More books from 2011.
The Moors by Ben Marcus
The Moors is not quite a book in the traditional sense–more of a complex and involving pamphlet–but it represents the longest piece of writing, bar the Flame Alphabet (which just came out), that Ben Marcus has released or published in the past nine or so years. Marcus is one of my favorite writers, and not only for his style, which is, if not 100% his own, then as close to it as any contemporary author’s can be. He seems to incorporate a number of ideas from philosophy of language into his fiction, in ways that are less didactic and more straight-up bewildering/terrifying. It’s almost as if he takes the serious hypotheses of people like Kripke or Wittgenstein or Quine or whoever and imagines the world in which those hypotheses would be true everyday and everywhere–atomically. For instance, in Notable American Women, there is a long section on the Naming Machine (it ran as an excerpt in McSweeney’s #8) where different names are tested by members of a family upon the daughter/sister figure. Her reactions–which vary widely and are sometimes grotesue and negative, other times very positive–are recorded for government use (see Kripke, Naming & Necessity. Marcus is sort of perverting the causal theory of reference, or just turning it to his own uses), and the girl ends up being tortured by the process, with the lasting point being that there is something essential about the name that has an effect upon the person bearing it.

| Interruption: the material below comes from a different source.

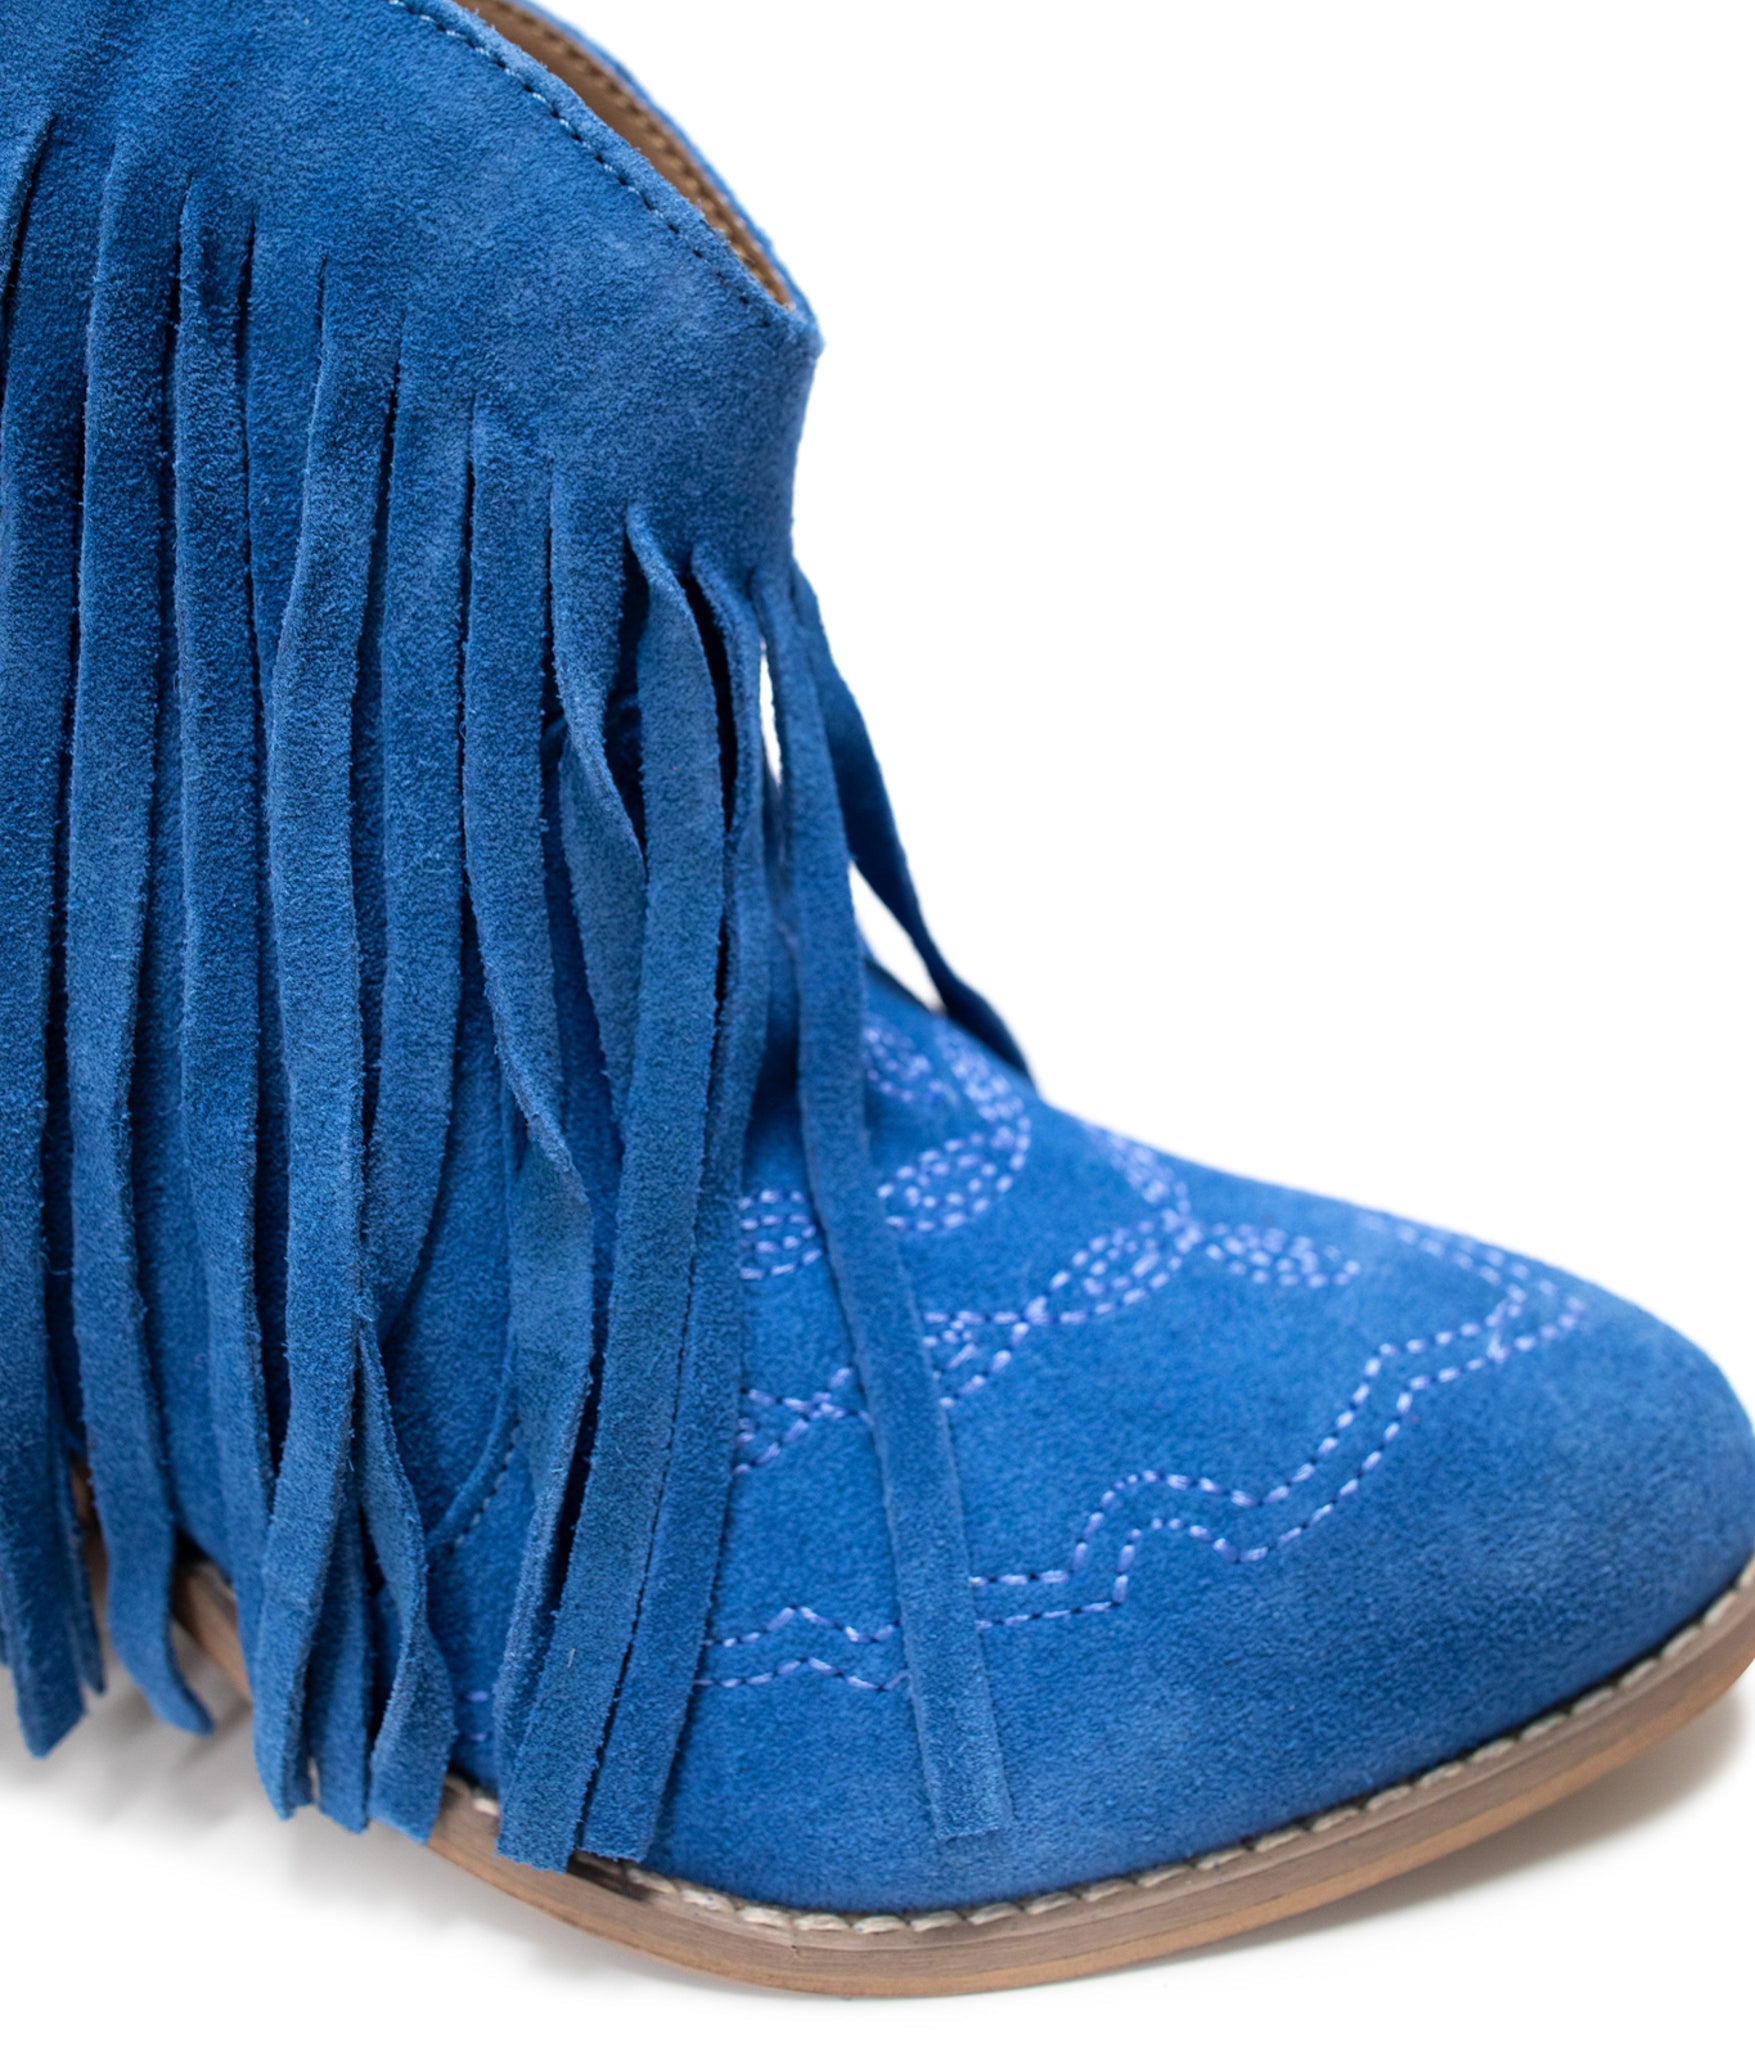 Amos Fringe Ankle Bootie in Blue Suede
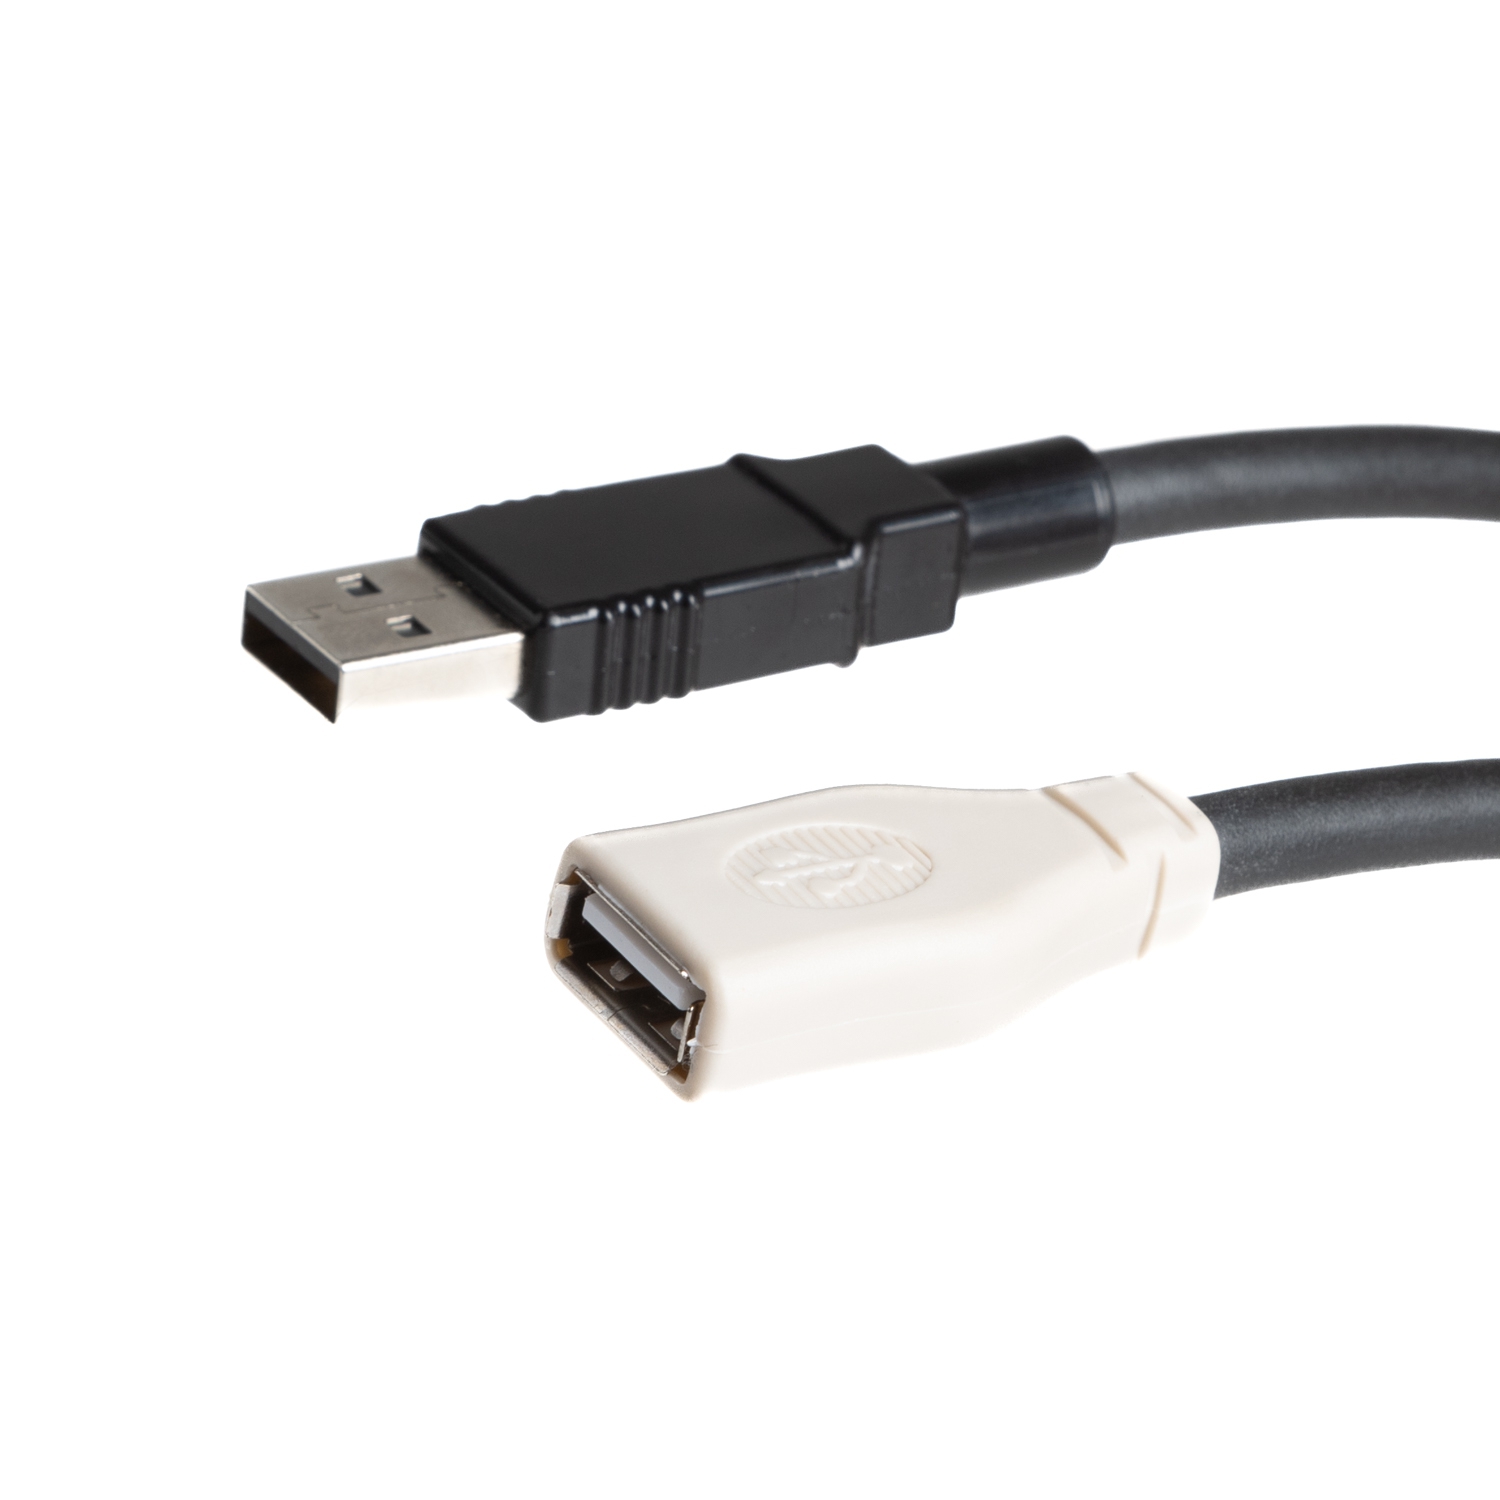 USB 2.0 extension cable PUR for industry + drag chains, Am to Af, 3m

The Moors is almost nothing like Marcus’s other writing, and, from what I’ve heard about his new novel, seems closer in spirit to the Flame Alphabet. It’s a turn towards more traditional forms and style, though the rigorous thinking is still there, and that’s maybe what I like most about Marcus. He notices down to the most micro, fine-grained detail, like most great writers, but he knows how to use that info in service of a well-placed heartbreaker of a sentence, or for a great joke. Like Padgett Powell, Marcus is a grammar virtuoso, and, since he knows the rules so well, he has a good ear for constructions or usage in English that can be bent to perfect effect, for example, there’s this from near the beginning:
Anyway, Thomas couldn’t fathom how a person who hoped to live through the day could subscribe to such a Lego-ridden fantasy of worker relations the word colleague implied: as if a group of people whose heads were darkened by the very same hovering ass–something he decidedly never learned in night school was the term for how the human voice sounded when the mouth was smothered by an oily slab of buttock–would ever link arms, sing songs, and be massively productive together, just because they peed against the same wall or starched themselves into a stupor on the salted Breadkins from the vending machine every day.
There are portions of The Moors during which it’s tough to keep up with the jokes, each sentence is rich with weird humor or an off-use of a cliched term or an unbearably nuanced analysis of office mores, etc. If you enjoyed Wallace’s Pale King at all, you will definitely enjoy this book. And for all its weirdness, the ending will kill you, I promise. I have a suspicion that The Moors is Ben Marcus’s version of a sitcom, or at least his way of relaxing a little and taking a risk in a manner that doesn’t involve the re-invention of contemporary American experimental fiction, and it might be the best thing he’s ever done (though it’s true I haven’t read Flame Alphabet yet).